Judge rules instant racing machines don't violate Kentucky state constitution

LEXINGTON, Ky. – A Kentucky circuit court judge has ruled that gambling devices in operation at four facilities in the state comply with the state’s definition of parimutuel wagering, an opinion that lifts a lingering cloud over the legality of the machines.

In a ruling issued Wednesday, Judge Thomas Wingate of Franklin Circuit Court rejected the assertions of a conservative religious group, the Family Foundation, that the devices, known as historical horseracing machines, violated a state constitutional prohibition on casino gambling.
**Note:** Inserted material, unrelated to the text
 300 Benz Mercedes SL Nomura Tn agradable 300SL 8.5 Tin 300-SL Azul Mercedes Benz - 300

The devices use the results of previous run horse races to determine payouts to winners, and the machines have generated tens of millions of dollars for racetracks, with some of the proceeds used to bolster purses.

“The arguments raised by the respondent, the Family Foundation, are noble, moral, and altruistic; however, the arguments … fail as the [devices] are structured to operate in accordance with the parimutuel system of wagering,” Wingate wrote.
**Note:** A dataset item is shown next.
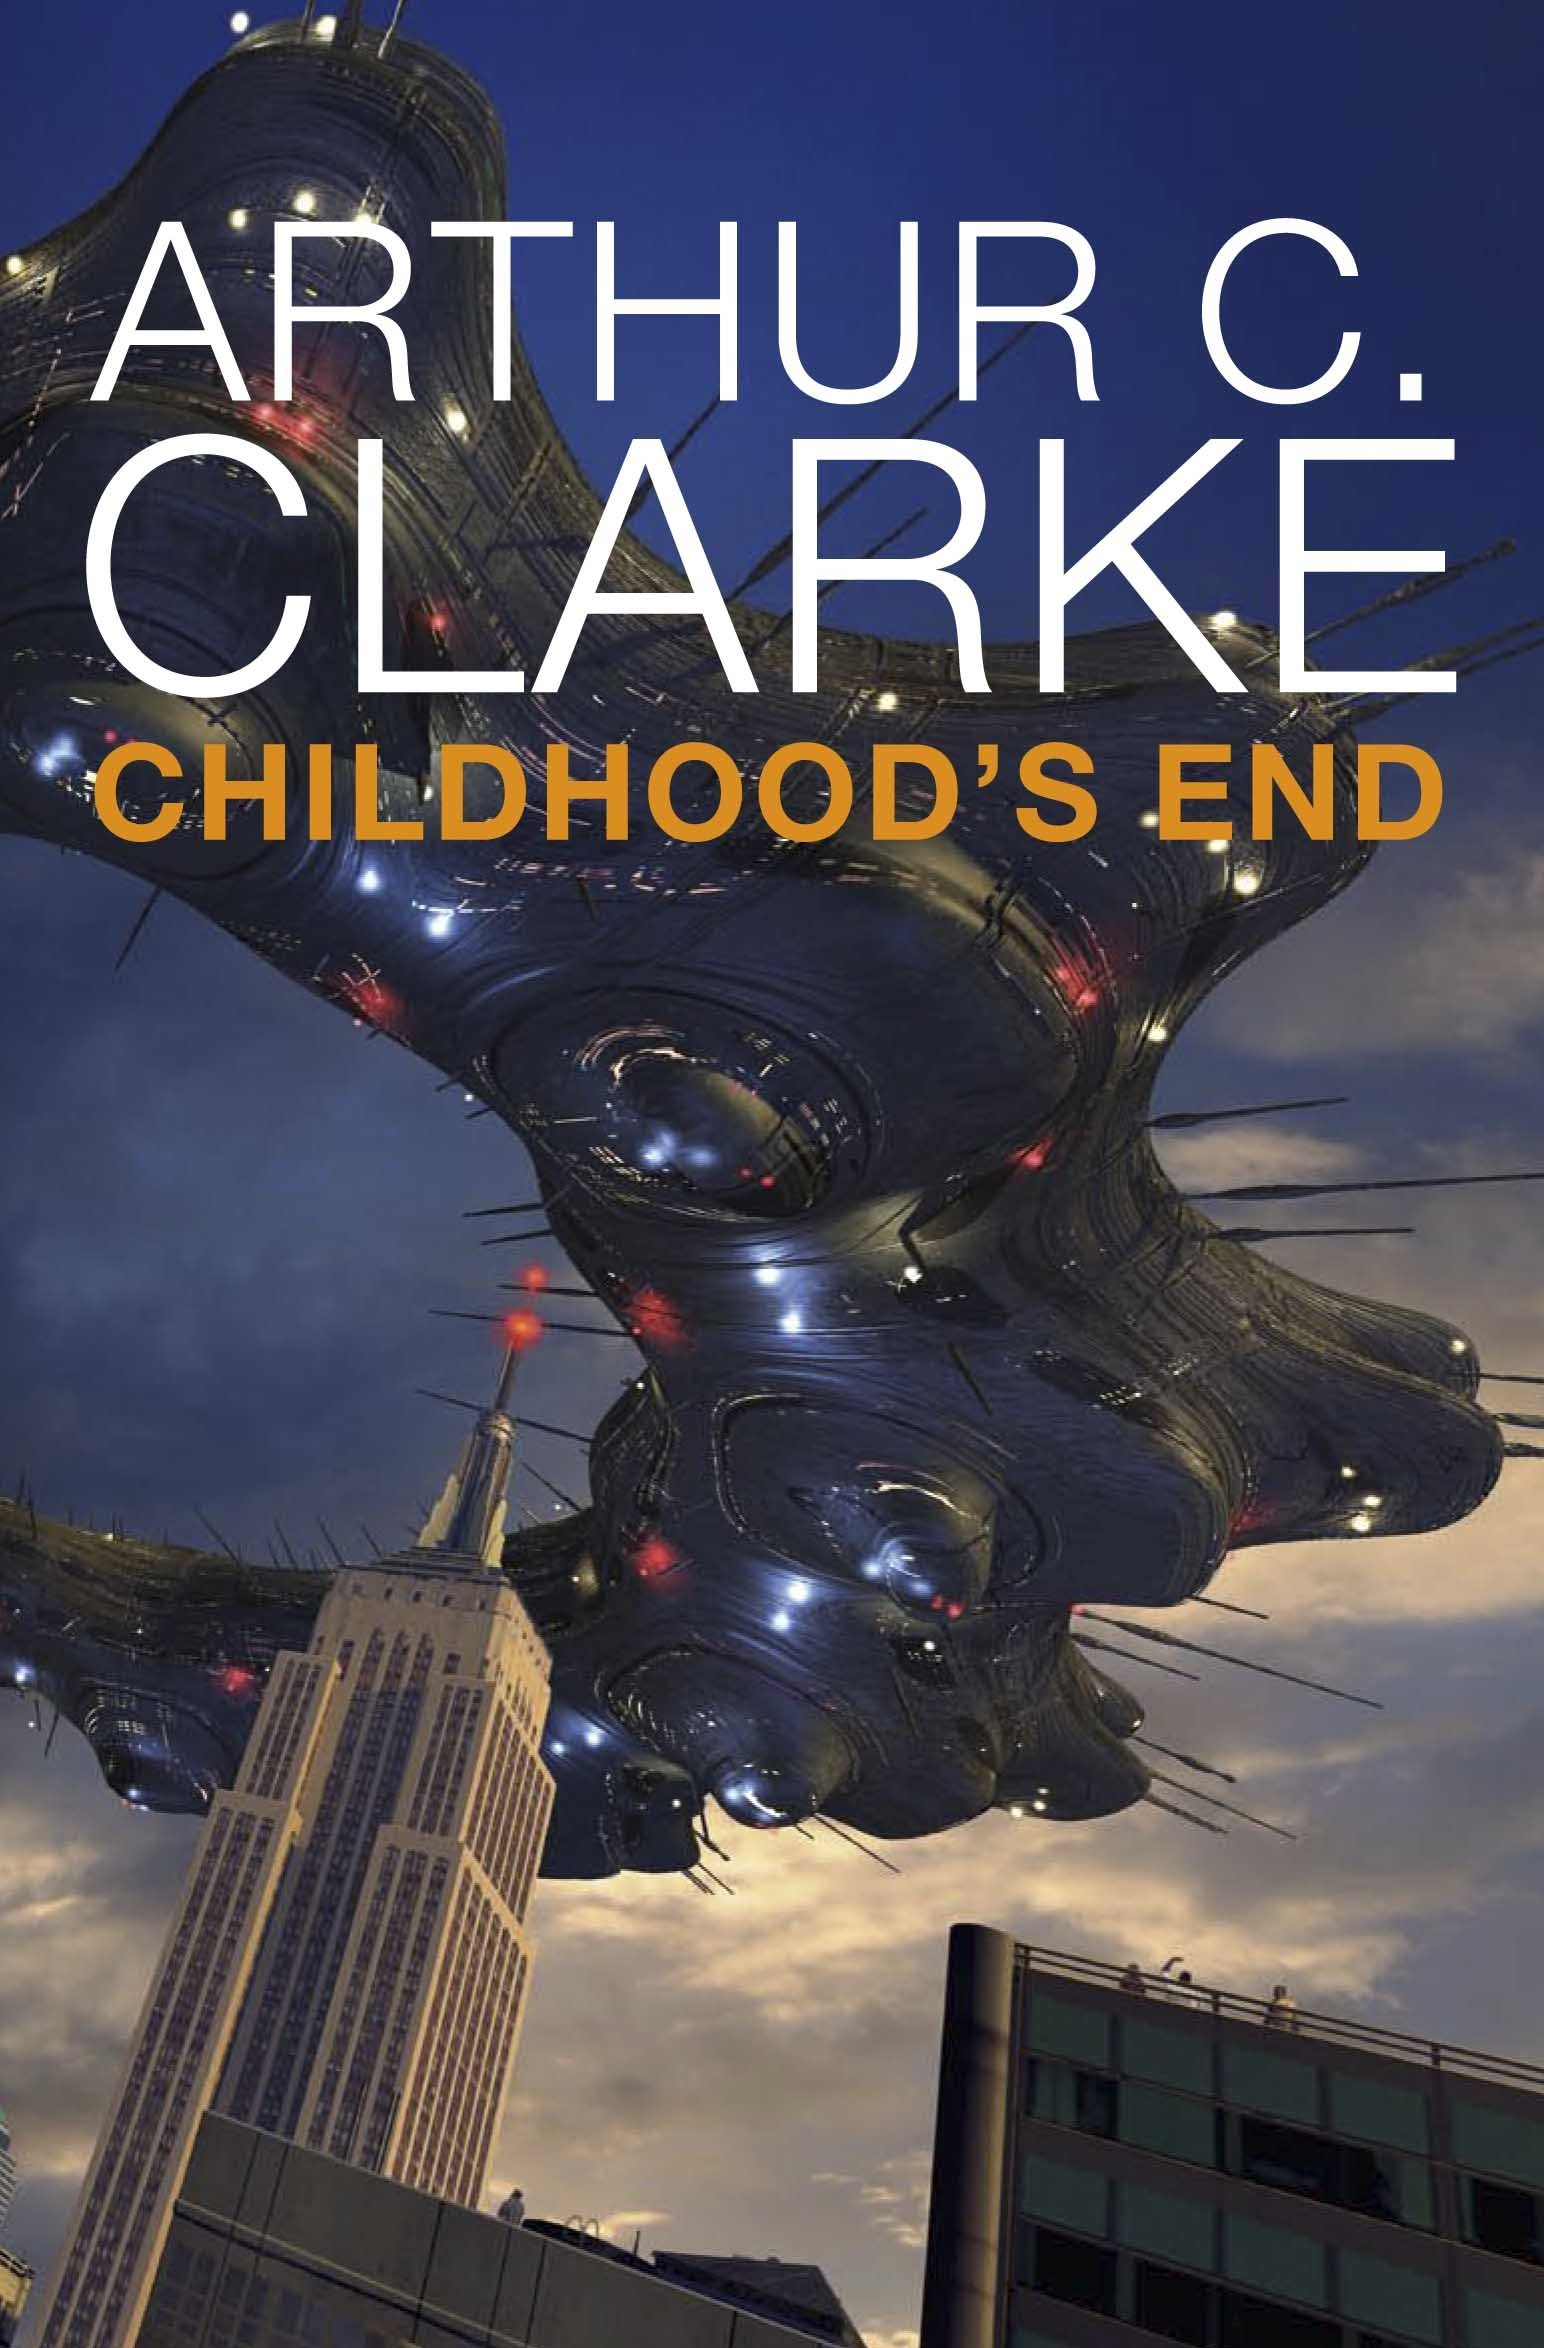 Childhood's End: Amazon.co.uk: C Clarke, Arthur: 9780330514019: Books

The Family Foundation first filed a challenge to the devices eight years ago, shortly after the state’s racing commission adopted rules allowing for the operation of the machines by parimutuel license holders. The group argued that the machines were indistinguishable from slot machines and therefore violated the ban on casino gambling.

Prior to the ruling, Wingate oversaw a process of discovery that included 96 findings that were briefly detailed in the opinion. Technically, the ruling applies to only one manufacturer of the machines, Exacta Systems, which designed and installed the devices in place at Kentucky Downs when the Family Foundation initially challenged the devices. However, the ruling is expected to apply to all manufacturers, as the Kentucky Horse Racing Commission applies the same rules and regulations regardless of the make of the machines.

The devices are now also in operation at Ellis Park, the Red Mile in Lexington (in partnership with Keeneland), and the Trackside training center in Louisville that is owned by Churchill Downs. Betting through the machines is expected to top $1 billion this year.

Wingate wrote in his ruling that he agreed in some ways with the Family Foundation’s argument about the operation of the machines.

“The machines look like Vegas slot machines, they are advertised as ‘Vegas-style gambling,’ and a casual observer would be hard pressed to discern the difference,” he wrote. However, Wingate concluded, “the Court finds that the design of the device is merely for entertainment purposes.”